• [Work item]:
The answer is to be an exact copy of the lines below running from the line with "Brasil e Itália" down to the line with "Annika Kipp celebs nude", both ends included, and nothing more.

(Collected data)
◇ ◇ ◇ ◇ ◇

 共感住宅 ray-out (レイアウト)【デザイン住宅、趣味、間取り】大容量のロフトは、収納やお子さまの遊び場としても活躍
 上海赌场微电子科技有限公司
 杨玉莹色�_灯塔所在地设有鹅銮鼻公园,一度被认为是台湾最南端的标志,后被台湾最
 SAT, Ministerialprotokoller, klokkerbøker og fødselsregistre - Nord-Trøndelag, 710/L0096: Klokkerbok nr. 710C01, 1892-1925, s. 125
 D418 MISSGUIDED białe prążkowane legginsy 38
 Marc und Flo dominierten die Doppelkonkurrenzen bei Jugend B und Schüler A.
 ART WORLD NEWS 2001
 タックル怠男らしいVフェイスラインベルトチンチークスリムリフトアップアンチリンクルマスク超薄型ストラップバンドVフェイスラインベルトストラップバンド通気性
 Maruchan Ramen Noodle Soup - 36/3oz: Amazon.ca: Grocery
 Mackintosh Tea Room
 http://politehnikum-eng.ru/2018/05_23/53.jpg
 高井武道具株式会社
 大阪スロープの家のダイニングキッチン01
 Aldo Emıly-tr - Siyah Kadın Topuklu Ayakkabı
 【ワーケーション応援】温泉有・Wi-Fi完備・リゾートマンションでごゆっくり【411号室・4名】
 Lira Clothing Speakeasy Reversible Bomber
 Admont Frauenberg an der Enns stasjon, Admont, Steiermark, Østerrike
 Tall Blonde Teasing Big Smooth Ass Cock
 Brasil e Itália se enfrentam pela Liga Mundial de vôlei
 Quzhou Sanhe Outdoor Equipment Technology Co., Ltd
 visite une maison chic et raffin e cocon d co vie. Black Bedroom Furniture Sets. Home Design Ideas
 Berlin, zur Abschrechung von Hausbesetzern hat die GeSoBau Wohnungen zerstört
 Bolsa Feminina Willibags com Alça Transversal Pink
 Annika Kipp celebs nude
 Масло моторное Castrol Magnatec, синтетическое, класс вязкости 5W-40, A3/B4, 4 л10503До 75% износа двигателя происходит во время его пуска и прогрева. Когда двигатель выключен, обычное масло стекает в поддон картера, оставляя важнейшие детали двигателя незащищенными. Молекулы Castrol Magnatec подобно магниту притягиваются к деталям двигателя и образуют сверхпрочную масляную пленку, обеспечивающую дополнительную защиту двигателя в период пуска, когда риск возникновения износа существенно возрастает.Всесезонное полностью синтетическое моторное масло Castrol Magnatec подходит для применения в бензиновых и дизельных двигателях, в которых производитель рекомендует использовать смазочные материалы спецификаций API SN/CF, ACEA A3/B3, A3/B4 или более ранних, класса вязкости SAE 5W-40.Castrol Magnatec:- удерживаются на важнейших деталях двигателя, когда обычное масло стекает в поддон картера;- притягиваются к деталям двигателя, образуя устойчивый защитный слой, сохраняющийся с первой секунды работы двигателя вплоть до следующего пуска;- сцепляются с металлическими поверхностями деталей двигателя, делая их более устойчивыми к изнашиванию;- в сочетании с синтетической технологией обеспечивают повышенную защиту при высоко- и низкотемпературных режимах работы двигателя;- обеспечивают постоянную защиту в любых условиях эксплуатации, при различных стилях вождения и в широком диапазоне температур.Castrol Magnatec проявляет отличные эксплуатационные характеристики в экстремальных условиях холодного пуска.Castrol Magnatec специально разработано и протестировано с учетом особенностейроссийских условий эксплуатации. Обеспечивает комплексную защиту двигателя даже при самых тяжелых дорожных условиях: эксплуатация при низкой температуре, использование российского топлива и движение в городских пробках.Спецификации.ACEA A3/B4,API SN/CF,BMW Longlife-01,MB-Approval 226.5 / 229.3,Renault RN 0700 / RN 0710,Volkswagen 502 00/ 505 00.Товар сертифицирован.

◇ ◇ ◇ ◇ ◇

• [Exercise answer]:
 Brasil e Itália se enfrentam pela Liga Mundial de vôlei
 Quzhou Sanhe Outdoor Equipment Technology Co., Ltd
 visite une maison chic et raffin e cocon d co vie. Black Bedroom Furniture Sets. Home Design Ideas
 Berlin, zur Abschrechung von Hausbesetzern hat die GeSoBau Wohnungen zerstört
 Bolsa Feminina Willibags com Alça Transversal Pink
 Annika Kipp celebs nude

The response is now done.